Note that your PDF submission should not include code. It should be a finalized, clean, visually engaging summary of your work. The code belongs in the GitHub repository.
Homeworks 2-5 are worth 30 points each toward your final grade (15% each) and consists of 10 individual questions. Each question is worth 3 points, graded as follows:
- 1 point for an attempted answer as of the initial due date
- 1 point for a nearly-correct answer as of the revision date
- 1 point for a correct final answer as of the final due date
Due to the staged structure of each assignment, you should submit three PDFs for each assignment, and your repository should similarly be organized with three subfolders for each submission. To make it easy to navigate everyone’s repositories, we need everyone to adopt the same directory structure and naming convention. Please be sure to name your solution documents as follows: lastname-firstinitial-hwk(num)-(submission num). For example, if I’m finalizing the initial submission for homework 1, then the file should be named mccarthy-i-hwk1-1.pdf. A complete directory structure is provided below. Please adopt this structure as it will also help you to keep your analysis and data organized. Finally, please note that you should not include the “data” folder in git or github. The data files are too big and should never be tracked in that way. Instead, please be sure to add the data folder to your gitignore file.
homework2
| README.md
|
|---data (not tracked in git or pushed to github)

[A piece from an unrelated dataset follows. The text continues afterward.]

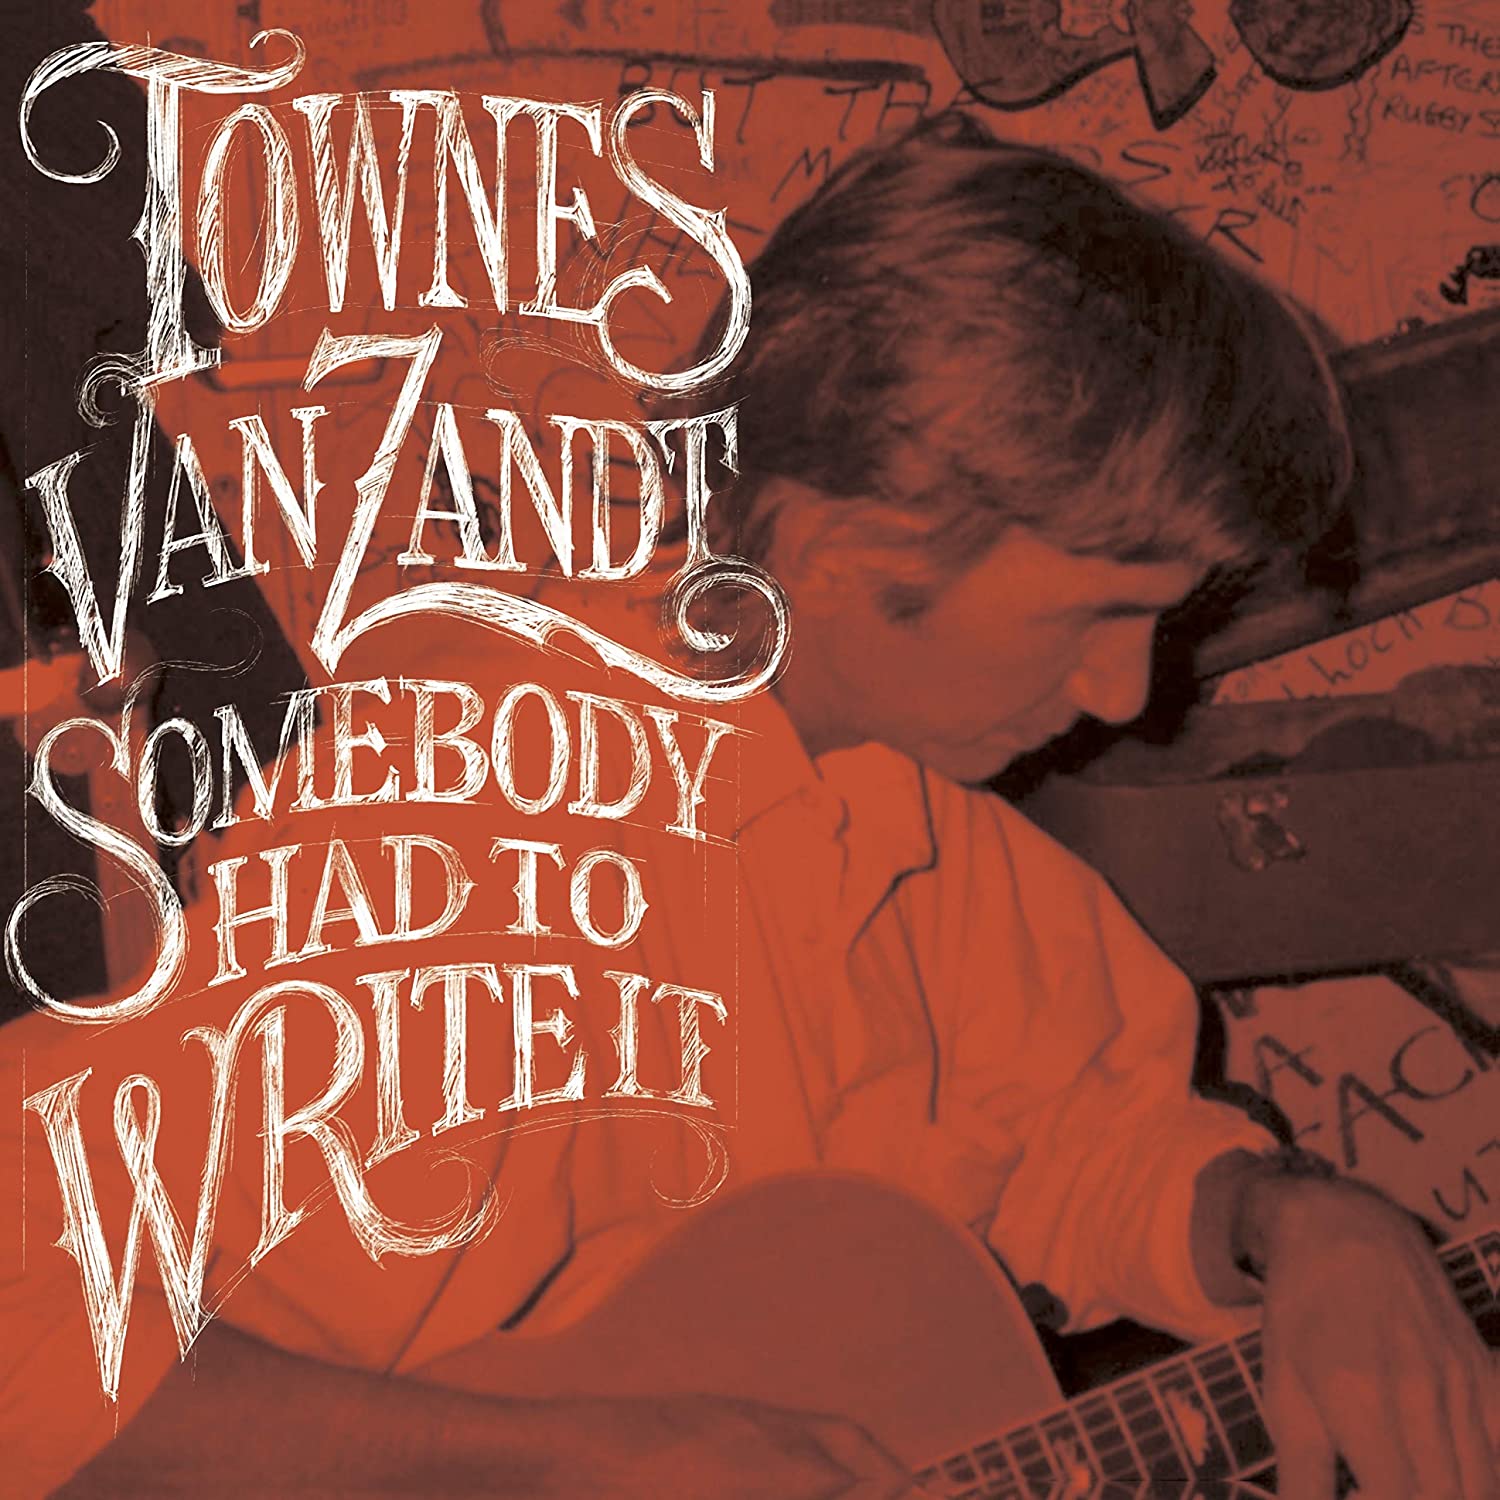 Townes Van Zandt - Somebody Had To Write It |  Vinyl LP | Townes Van Zandt - Somebody Had To Write It (LP) | Records on Vinyl
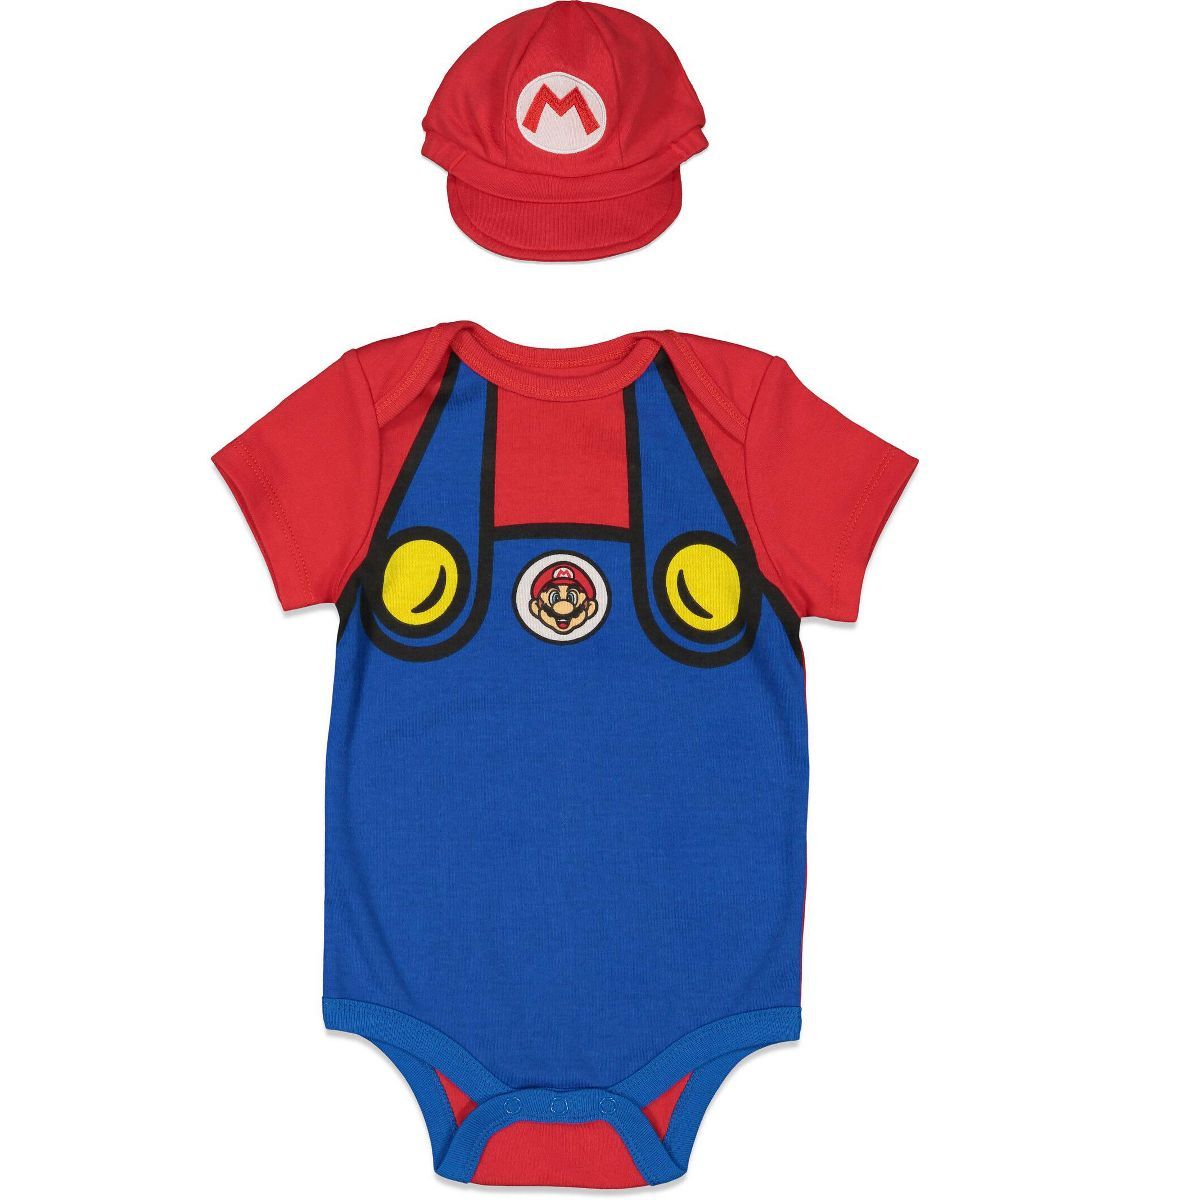 SUPER MARIO Nintendo Mario Luigi Baby Bodysuit and Hat Set Newborn to Infant | Target

| | input (symbolic links)
| | output (analytic data sets)
|
|---submission1
| |---data-code
| |---analysis
| |---results
| | mccarthy-i-hwk2-1.pdf
|
|---submission2
| |---data-code
| |---analysis
| |---results
| | mccarthy-i-hwk2-2.pdf
|
|---submission3
| |---data-code
| |---analysis
| |---results
| | mccarthy-i-hwk2-3.pdf
|
Homework 1 is more of a foundational assignment, designed to get us all up and running with VS Code, Git, GitHub, and some initial data summaries. Homework 1 is also worth 30 points but only involves 2 submissions. Details are on the respective Homework 1 page.
Code Review
One of the best ways to improve your own coding is to see other people’s code and learn from them. For each of the homework assignments, we’ll do this through a peer code review and replication. Please see the Peer Review for more details.